--- GIVEN RECORDS Enclosed Below ---
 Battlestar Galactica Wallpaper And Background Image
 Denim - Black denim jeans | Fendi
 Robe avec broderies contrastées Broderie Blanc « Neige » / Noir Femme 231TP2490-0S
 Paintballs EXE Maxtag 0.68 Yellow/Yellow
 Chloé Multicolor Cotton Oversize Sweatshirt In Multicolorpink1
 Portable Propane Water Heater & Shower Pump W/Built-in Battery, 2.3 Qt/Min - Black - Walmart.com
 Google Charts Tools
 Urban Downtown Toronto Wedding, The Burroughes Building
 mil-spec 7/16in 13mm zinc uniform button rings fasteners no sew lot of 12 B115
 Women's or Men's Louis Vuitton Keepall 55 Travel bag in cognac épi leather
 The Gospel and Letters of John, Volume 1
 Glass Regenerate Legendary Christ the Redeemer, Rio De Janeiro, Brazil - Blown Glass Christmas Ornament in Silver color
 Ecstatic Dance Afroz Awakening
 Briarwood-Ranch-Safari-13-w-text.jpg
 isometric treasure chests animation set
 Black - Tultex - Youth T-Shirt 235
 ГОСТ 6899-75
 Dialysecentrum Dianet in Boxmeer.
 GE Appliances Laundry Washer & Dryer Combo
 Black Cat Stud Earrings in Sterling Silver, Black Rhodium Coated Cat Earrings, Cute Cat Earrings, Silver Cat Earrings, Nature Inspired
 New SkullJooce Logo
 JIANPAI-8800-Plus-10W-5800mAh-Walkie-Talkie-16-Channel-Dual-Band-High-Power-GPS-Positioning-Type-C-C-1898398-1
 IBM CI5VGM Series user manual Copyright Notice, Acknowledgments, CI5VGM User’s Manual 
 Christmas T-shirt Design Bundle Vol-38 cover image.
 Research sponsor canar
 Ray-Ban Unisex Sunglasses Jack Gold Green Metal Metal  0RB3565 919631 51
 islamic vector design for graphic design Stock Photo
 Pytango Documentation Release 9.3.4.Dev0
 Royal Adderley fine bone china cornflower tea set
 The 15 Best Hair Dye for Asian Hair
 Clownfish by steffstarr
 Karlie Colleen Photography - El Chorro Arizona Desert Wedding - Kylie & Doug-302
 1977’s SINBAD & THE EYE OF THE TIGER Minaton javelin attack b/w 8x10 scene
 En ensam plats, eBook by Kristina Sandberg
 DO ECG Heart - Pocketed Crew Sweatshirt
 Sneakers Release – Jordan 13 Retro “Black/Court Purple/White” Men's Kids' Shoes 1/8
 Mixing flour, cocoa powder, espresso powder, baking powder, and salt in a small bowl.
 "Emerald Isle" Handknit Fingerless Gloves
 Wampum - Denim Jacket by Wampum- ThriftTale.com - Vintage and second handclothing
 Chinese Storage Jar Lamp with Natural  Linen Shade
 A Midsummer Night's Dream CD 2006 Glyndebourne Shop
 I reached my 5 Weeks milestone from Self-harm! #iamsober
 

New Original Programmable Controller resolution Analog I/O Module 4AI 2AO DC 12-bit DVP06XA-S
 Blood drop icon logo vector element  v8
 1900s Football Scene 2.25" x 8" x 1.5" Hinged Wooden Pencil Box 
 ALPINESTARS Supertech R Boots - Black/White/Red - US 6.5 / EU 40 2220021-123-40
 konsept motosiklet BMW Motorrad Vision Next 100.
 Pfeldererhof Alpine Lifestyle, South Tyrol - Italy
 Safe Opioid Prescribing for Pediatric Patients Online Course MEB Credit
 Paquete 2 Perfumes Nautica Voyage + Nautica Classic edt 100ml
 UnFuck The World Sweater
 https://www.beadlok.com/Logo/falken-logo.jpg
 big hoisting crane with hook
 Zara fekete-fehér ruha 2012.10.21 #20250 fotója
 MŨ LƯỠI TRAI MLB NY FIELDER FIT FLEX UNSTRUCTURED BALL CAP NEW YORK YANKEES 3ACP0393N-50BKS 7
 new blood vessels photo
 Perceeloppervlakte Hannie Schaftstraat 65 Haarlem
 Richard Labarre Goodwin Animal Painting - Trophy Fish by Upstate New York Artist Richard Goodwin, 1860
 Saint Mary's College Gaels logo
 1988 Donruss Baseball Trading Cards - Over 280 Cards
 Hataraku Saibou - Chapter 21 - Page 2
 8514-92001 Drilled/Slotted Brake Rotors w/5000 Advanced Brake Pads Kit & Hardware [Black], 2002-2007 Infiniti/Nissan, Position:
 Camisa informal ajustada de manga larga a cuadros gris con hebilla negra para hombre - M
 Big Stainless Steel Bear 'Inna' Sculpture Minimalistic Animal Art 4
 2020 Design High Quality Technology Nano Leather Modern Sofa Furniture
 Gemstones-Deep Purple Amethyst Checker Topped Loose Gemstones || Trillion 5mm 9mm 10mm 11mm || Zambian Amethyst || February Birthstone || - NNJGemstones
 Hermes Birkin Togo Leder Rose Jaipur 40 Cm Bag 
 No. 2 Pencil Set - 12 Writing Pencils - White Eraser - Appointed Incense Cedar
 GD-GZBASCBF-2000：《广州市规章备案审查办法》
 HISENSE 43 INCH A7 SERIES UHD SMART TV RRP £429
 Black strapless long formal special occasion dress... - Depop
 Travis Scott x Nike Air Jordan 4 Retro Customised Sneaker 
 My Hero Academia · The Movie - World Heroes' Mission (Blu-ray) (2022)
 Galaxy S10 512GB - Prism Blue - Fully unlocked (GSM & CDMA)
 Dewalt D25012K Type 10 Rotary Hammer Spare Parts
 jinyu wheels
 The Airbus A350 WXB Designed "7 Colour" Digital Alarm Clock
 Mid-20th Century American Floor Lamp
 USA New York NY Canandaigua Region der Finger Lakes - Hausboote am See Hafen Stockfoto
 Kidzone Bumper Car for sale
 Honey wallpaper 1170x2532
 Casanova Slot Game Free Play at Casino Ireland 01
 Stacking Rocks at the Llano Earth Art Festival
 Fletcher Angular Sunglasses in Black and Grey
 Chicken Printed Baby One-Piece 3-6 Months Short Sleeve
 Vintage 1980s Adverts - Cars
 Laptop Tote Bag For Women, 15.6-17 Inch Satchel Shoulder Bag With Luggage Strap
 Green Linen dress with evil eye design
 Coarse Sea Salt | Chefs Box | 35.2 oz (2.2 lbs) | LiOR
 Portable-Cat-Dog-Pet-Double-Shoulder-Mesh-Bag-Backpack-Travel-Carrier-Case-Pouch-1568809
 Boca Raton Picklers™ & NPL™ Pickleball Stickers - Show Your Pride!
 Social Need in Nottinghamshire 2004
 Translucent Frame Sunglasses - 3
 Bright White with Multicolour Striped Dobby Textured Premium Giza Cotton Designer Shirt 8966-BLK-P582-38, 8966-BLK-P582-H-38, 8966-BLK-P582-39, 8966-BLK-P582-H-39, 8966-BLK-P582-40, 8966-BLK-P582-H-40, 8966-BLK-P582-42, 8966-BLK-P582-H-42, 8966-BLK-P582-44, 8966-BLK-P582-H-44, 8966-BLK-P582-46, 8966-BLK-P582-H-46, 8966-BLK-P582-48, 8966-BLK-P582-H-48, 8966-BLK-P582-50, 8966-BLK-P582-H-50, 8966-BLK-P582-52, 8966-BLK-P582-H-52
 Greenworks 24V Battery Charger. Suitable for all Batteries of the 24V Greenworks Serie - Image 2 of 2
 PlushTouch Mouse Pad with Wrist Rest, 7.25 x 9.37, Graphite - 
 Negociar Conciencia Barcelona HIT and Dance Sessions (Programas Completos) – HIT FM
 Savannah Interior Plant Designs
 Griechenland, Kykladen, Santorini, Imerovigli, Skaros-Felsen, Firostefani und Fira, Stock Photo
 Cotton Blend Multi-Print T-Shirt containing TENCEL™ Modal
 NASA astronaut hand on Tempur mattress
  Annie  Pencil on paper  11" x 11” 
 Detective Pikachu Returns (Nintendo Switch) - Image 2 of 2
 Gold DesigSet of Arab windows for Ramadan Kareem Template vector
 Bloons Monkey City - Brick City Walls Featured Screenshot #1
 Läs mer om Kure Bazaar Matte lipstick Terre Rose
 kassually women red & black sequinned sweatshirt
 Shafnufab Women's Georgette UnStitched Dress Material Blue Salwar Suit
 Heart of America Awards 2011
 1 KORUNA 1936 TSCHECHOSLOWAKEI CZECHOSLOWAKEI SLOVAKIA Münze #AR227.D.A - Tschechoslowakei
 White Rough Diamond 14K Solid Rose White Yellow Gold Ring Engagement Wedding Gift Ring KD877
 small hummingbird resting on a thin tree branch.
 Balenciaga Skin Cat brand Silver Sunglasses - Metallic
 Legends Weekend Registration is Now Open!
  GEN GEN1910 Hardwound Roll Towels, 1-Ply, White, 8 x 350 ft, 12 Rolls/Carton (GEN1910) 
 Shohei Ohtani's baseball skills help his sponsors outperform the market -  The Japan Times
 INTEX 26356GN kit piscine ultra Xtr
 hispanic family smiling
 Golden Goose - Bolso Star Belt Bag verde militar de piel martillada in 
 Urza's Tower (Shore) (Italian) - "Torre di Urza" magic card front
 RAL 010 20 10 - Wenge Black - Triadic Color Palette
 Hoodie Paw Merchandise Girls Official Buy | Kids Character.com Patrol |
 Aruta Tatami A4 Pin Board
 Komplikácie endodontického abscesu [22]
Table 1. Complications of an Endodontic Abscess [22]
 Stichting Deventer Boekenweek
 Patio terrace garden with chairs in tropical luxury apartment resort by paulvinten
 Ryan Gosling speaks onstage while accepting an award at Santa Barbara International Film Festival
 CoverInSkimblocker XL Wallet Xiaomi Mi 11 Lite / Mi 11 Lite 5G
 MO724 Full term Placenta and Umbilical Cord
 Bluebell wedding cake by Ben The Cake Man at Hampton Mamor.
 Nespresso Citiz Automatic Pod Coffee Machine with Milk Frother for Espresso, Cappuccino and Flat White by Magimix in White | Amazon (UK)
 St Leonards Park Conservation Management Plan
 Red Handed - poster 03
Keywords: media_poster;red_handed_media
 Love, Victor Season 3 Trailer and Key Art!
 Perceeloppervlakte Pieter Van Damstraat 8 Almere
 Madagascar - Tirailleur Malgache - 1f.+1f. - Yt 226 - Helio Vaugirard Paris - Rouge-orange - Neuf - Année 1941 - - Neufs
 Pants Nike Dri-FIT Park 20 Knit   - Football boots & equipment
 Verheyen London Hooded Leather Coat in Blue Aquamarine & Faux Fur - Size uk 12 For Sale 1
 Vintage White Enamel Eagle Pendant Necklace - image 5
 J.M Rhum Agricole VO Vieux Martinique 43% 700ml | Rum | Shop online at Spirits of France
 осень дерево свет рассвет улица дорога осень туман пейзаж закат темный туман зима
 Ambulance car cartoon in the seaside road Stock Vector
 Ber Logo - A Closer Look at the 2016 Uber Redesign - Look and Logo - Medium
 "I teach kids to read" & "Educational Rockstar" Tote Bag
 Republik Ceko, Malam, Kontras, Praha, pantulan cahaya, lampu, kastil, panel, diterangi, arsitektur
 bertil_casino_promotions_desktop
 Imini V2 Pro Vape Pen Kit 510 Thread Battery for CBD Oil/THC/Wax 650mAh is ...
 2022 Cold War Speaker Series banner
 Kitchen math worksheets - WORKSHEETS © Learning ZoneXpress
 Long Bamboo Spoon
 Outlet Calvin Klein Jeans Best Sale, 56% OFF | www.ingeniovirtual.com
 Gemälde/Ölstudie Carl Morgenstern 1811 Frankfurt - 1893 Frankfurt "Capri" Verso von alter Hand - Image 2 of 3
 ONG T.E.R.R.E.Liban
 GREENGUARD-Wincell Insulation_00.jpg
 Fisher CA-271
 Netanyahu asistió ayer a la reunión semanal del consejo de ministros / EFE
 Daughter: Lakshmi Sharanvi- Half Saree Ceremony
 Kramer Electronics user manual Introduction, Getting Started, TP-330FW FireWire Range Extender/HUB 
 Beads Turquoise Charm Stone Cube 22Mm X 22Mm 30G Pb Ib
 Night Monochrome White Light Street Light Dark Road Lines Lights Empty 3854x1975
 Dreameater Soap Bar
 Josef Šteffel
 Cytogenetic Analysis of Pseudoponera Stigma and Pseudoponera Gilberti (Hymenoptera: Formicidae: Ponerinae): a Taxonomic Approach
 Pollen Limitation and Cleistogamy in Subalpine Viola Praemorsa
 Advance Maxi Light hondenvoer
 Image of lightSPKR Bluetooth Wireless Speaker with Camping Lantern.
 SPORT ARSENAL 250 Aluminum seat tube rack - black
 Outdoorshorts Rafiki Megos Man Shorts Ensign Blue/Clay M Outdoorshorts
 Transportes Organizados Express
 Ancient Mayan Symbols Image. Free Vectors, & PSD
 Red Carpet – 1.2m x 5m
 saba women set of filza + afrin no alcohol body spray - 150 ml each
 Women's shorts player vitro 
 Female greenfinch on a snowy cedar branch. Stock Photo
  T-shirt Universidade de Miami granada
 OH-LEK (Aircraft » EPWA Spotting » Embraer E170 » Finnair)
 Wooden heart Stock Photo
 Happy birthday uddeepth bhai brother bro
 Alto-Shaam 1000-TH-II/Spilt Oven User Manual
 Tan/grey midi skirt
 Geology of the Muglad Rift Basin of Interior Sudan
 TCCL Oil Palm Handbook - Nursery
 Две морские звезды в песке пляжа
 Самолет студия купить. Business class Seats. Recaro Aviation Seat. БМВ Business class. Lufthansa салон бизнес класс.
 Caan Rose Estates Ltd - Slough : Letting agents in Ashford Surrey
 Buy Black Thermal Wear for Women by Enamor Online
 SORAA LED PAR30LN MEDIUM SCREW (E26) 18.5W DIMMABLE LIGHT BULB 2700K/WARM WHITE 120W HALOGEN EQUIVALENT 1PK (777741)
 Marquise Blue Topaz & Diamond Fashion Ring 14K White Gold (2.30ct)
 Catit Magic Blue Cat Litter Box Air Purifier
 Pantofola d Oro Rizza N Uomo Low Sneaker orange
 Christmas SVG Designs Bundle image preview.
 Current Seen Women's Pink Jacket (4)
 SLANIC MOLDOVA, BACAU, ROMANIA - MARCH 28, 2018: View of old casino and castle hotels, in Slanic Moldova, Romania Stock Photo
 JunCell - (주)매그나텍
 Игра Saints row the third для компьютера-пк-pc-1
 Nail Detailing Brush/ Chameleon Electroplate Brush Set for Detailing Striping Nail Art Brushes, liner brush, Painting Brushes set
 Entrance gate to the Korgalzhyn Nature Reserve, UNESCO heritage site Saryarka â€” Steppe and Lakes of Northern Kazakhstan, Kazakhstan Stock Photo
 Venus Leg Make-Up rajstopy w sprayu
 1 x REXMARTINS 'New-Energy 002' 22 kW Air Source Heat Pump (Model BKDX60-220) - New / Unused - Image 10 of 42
--- End of Enclosed GIVEN RECORDS ---
## TASK OBJECTIVE
Using the data above, transcribe the lines that run from the line with "Advance Maxi Light hondenvoer" to the line with "Ancient Mayan Symbols", both ends kept, and output nothing else.

## ANSWER SPACE
 Advance Maxi Light hondenvoer
 Image of lightSPKR Bluetooth Wireless Speaker with Camping Lantern.
 SPORT ARSENAL 250 Aluminum seat tube rack - black
 Outdoorshorts Rafiki Megos Man Shorts Ensign Blue/Clay M Outdoorshorts
 Transportes Organizados Express
 Ancient Mayan Symbols Image. Free Vectors, & PSD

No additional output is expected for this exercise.